# WTB complete front for r35



## Edgar (Aug 29, 2018)

looking for a complete front for 2015 R35 (bumper, headlights, daylights, radiators, intercoolers, wings and etc...)
thanks in advance


----------



## MGT Motorsport Ltd (Aug 19, 2005)

Edgar said:


> looking for a complete front for 2015 R35 (bumper, headlights, daylights, radiators, intercoolers, wings and etc...)
> thanks in advance






Hi 


Give us a call I have some of what you need:thumbsup: 






Regards MGT


----------



## Skint (Oct 11, 2014)

Hi I chatted with you on ebay last week, I have various front end bits for that car, you never said if you wanted lhd parts or red and wether or not it was headlight wash system on car.
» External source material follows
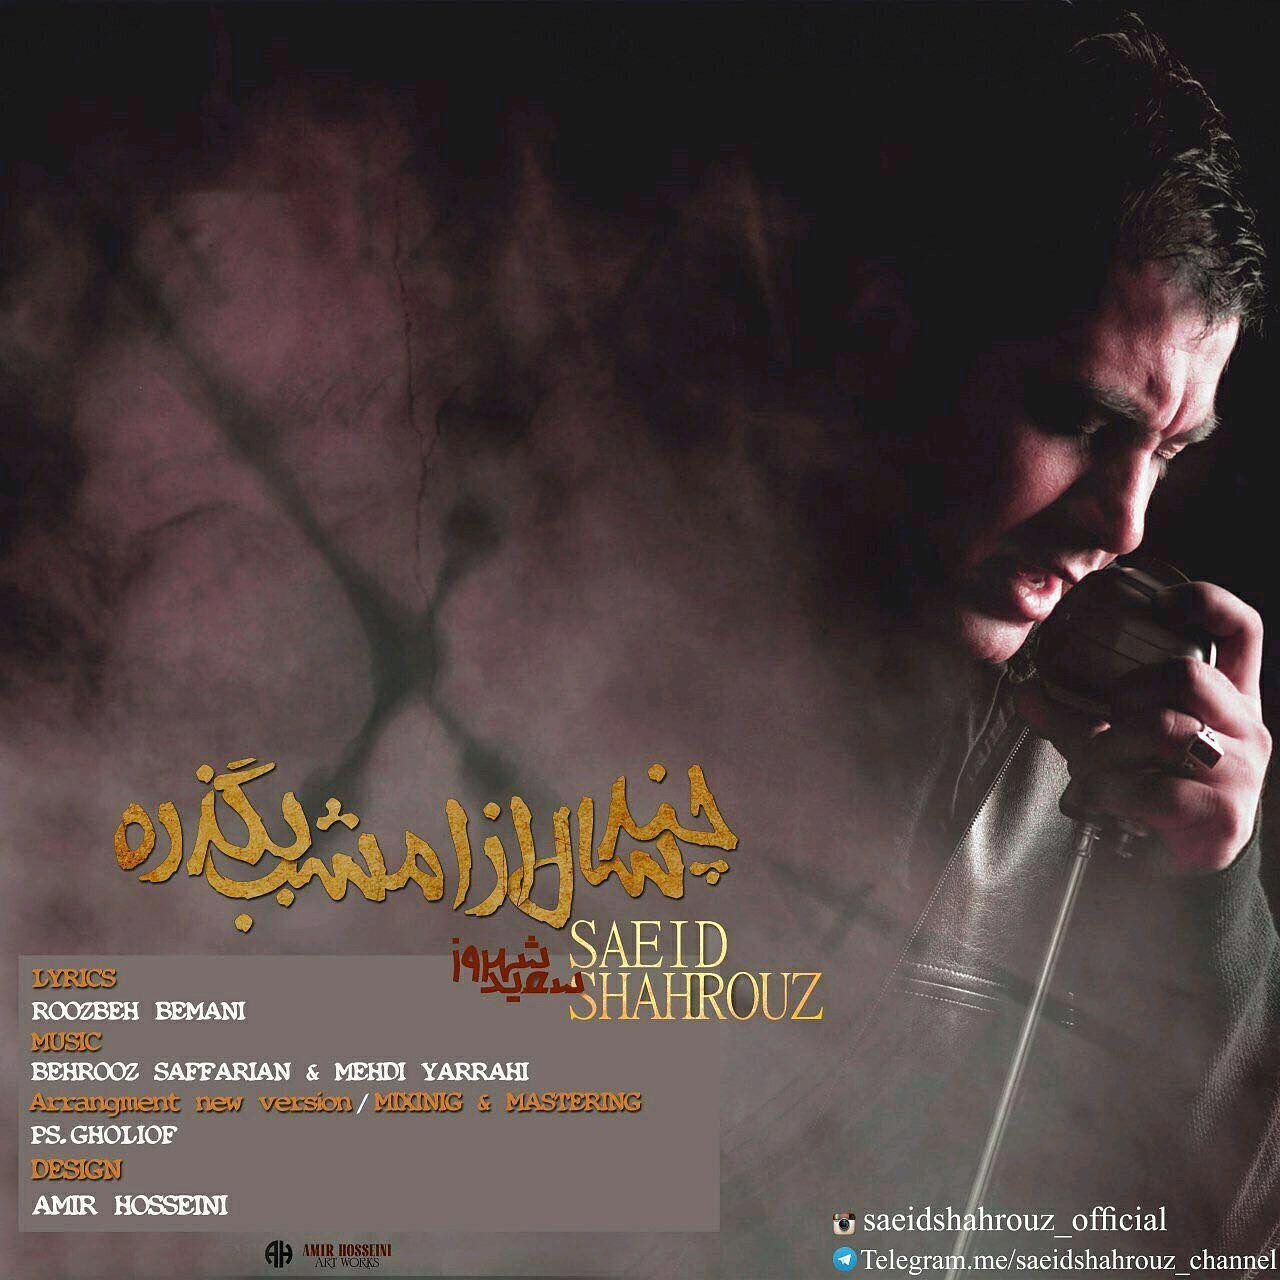 دانلود رمیکس جدید آهنگ چند سال از امشب بگذره از سعید شهروز

Give me a email or pm and I can tell you what bits I have.

Thanks


----------



## hirsty (Mar 9, 2010)

Hi Edgar I have a brand new front lip spoiler with the under tray for sale if its still needed, Hirsty


----------



## Tin (Aug 15, 2010)

Have a set of DBA MY12 front headlights, complete no damage


----------



## hirsty (Mar 9, 2010)

i also have an intercooler


----------



## L6DJX (Sep 15, 2017)

i have a standard intercooler you can have for cheap


----------



## MGT Motorsport Ltd (Aug 19, 2005)

Hi

I have the front carbon composite panel and rad header tank so on and other bits.


Regards Mark


----------